▸ **WHAT IS EXPECTED**
Quote exactly the lines from the one with "Hair &amp; Makeup @erinheatherbeauty" to the end of the data, both included; omit the pictures.

▸ **SOURCE MATERIAL**
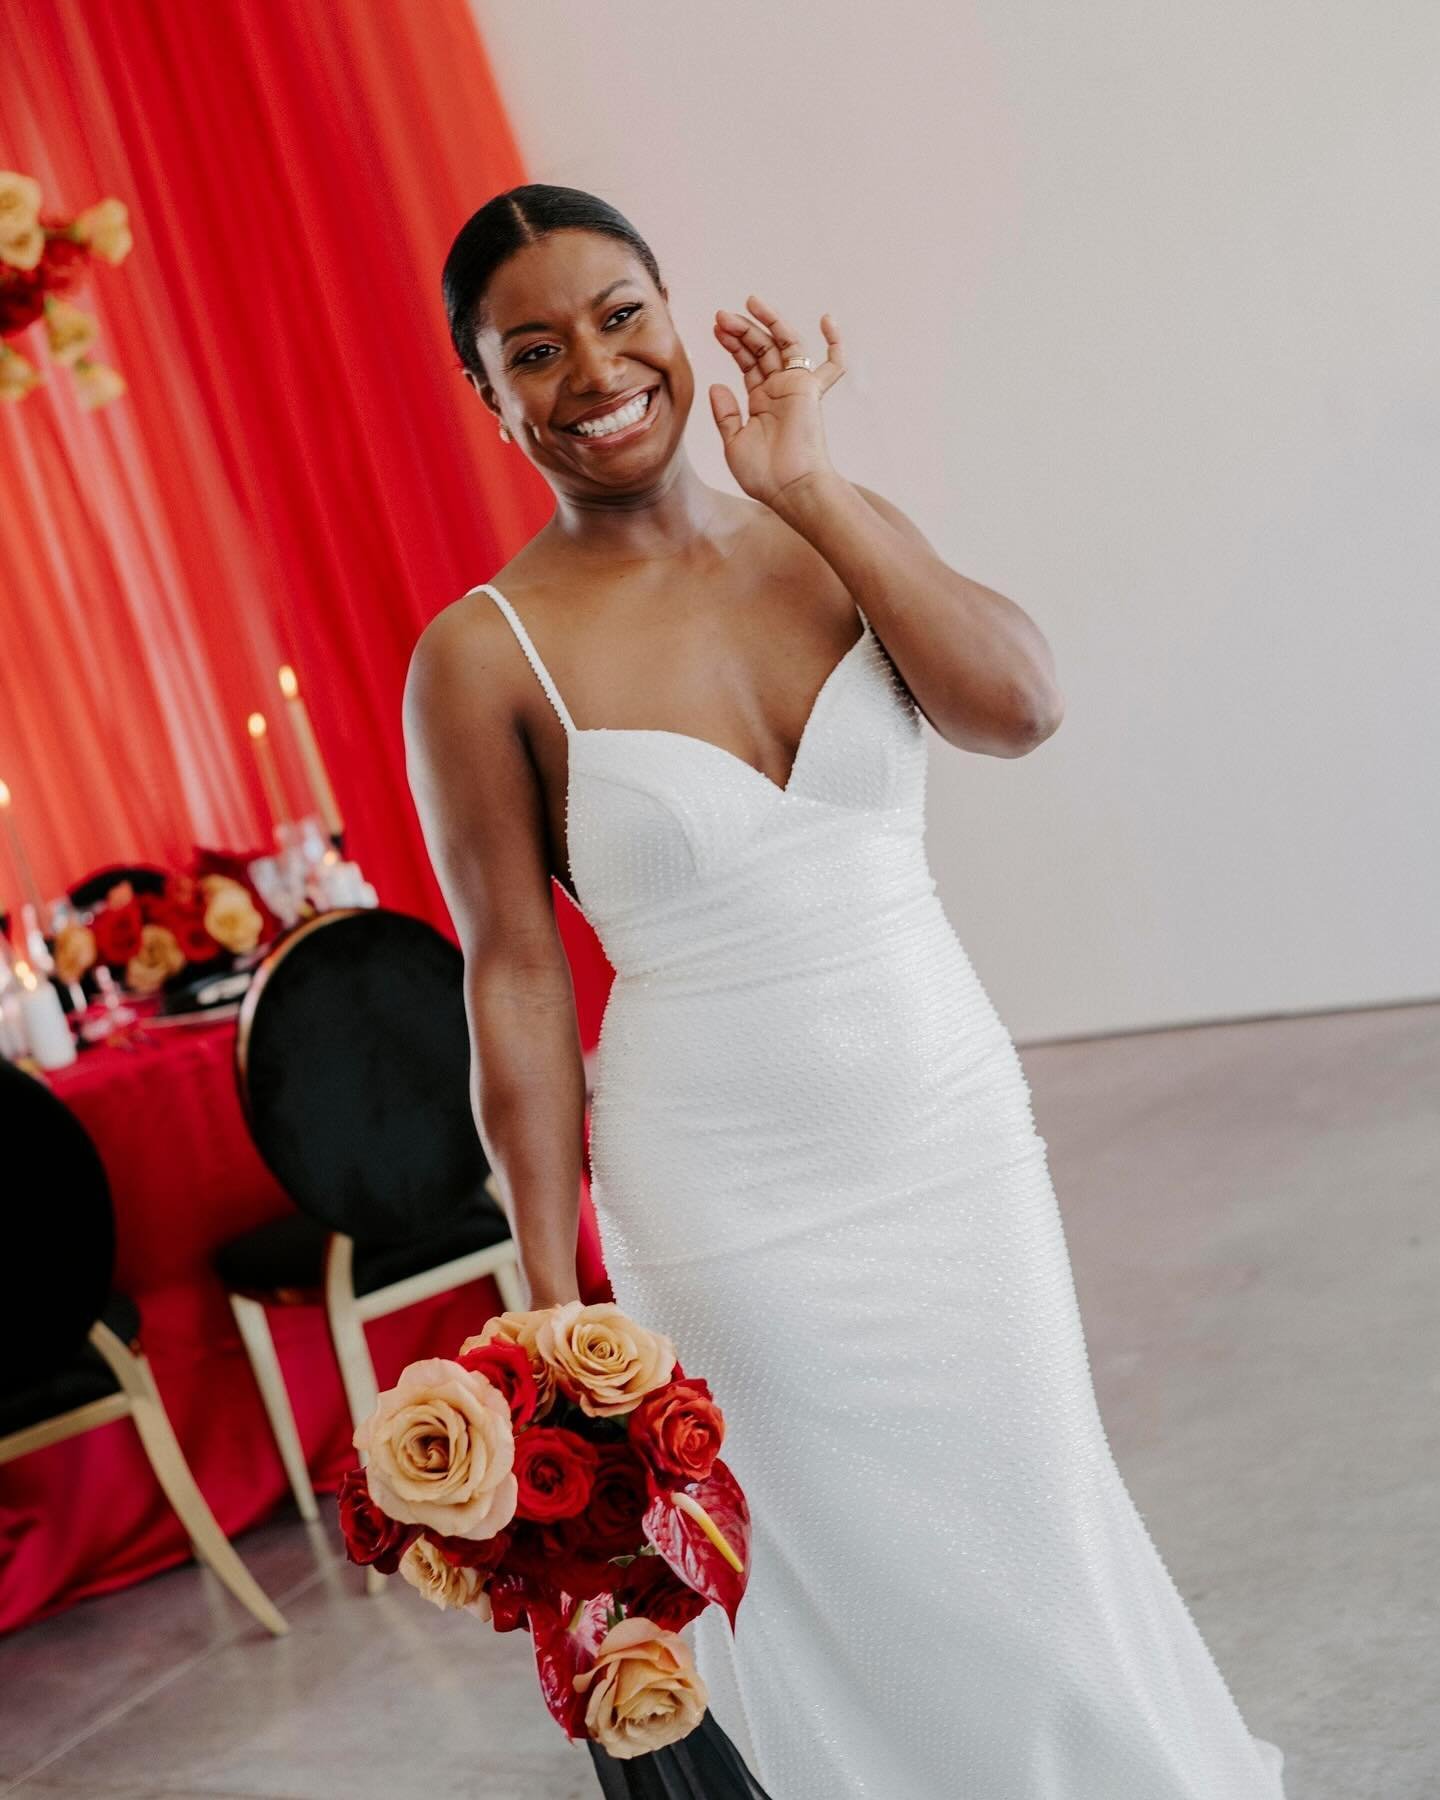 A bit of 🔥❤️&zwj;🔥⁠ for your week
⁠
Vendor Team:⁠
Concept, Planning + Styling @acarletonweddings⁠
Venue @le.peaches.and.cream⁠
Florals @amflorals⁠
Hair &amp; Makeup @erinheatherbeauty
Dress @sindersbridal⁠
Stationery @aviscribbles⁠
Ring @storbymarg
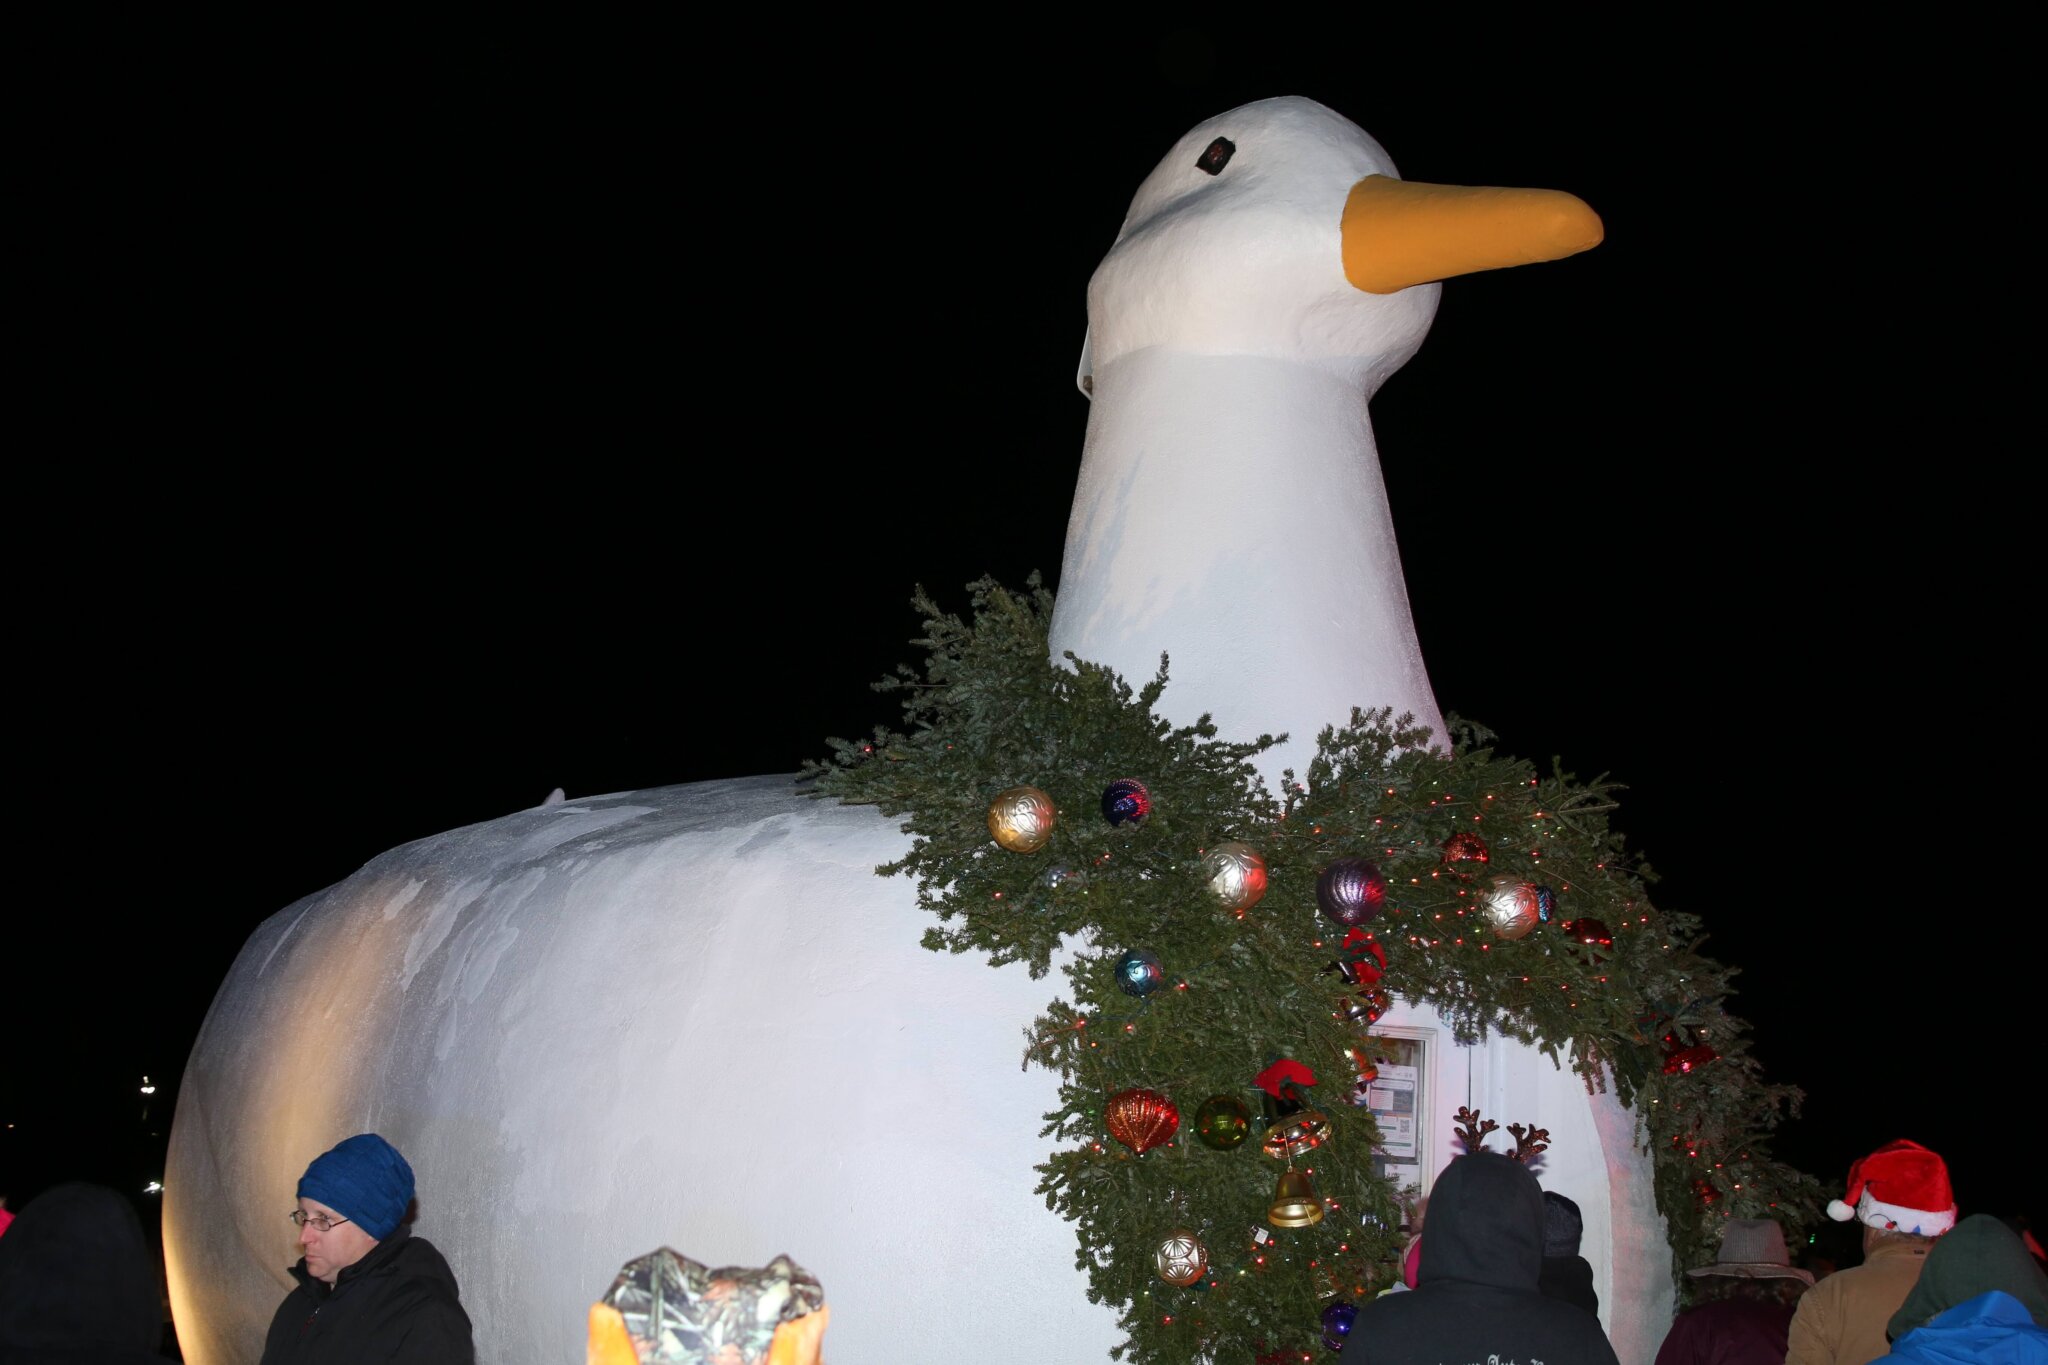 The Big Duck with its holiday wreath
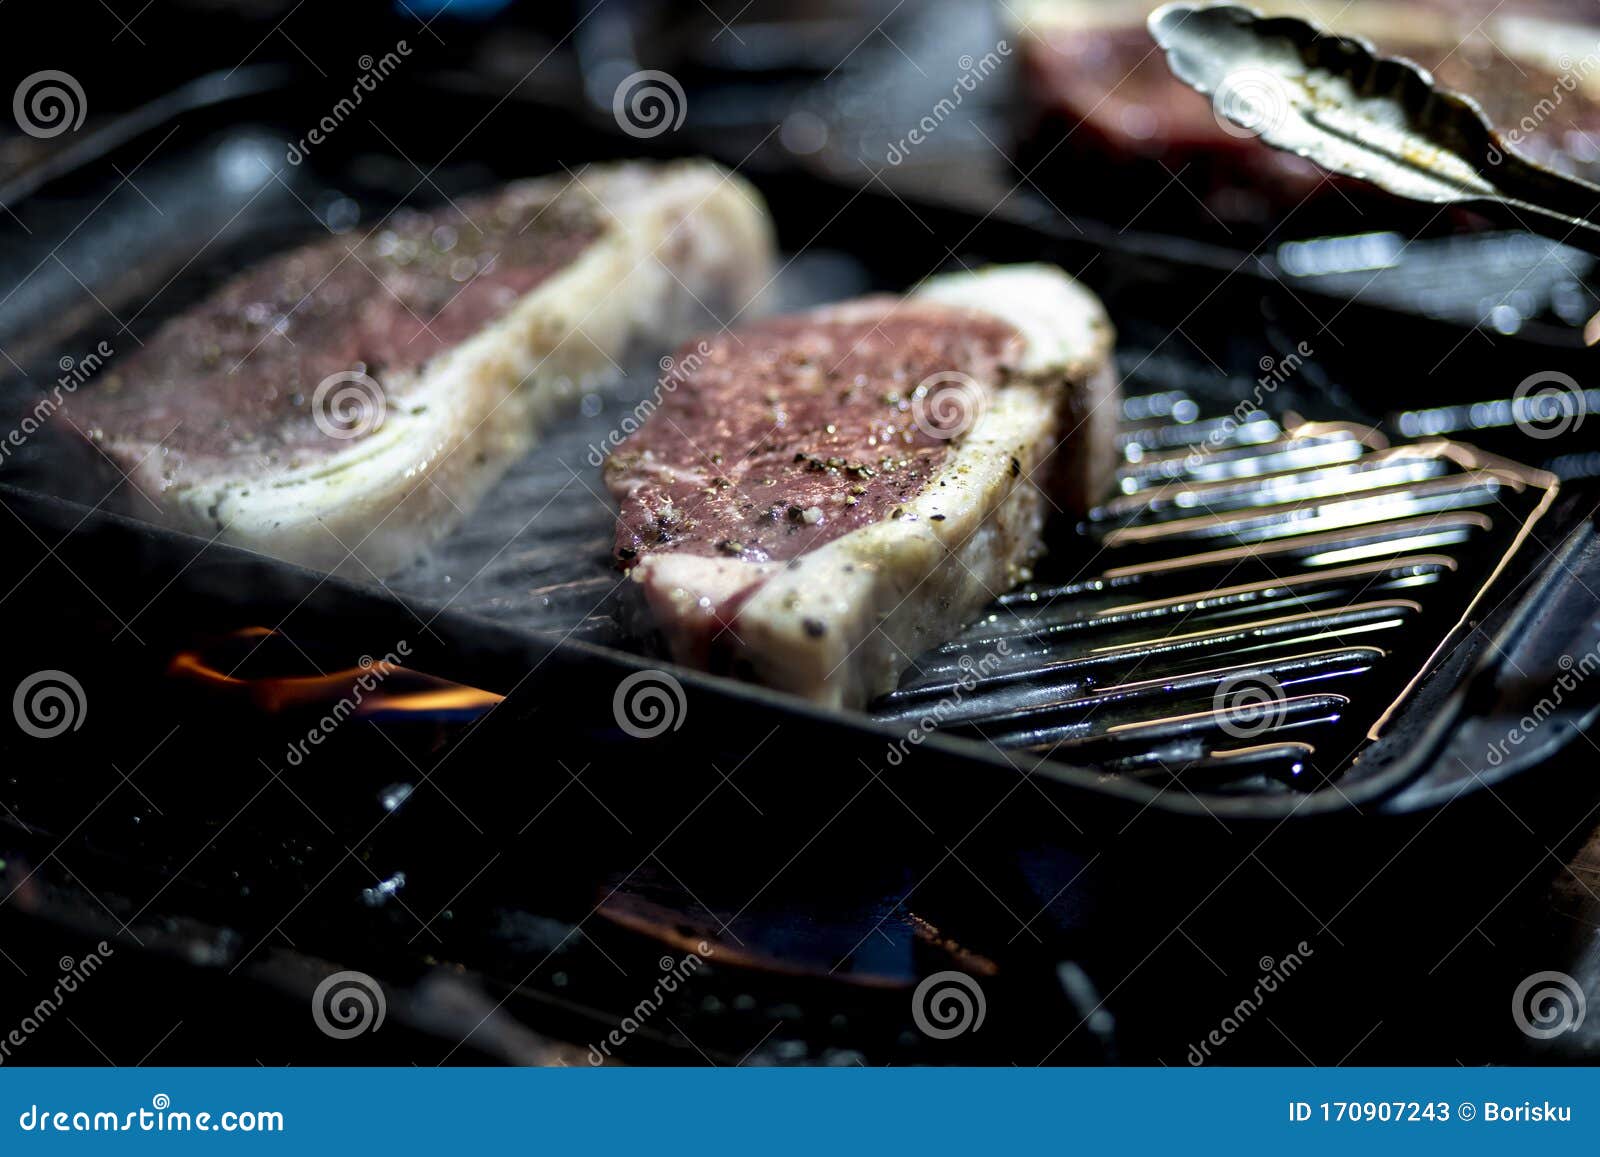 red meat preparetion on a grill

▸ **RESULT**
Hair &amp; Makeup @erinheatherbeauty
Dress @sindersbridal⁠
Stationery @aviscribbles⁠
Ring @storbymarg
 The Big Duck with its holiday wreath
 red meat preparetion on a grill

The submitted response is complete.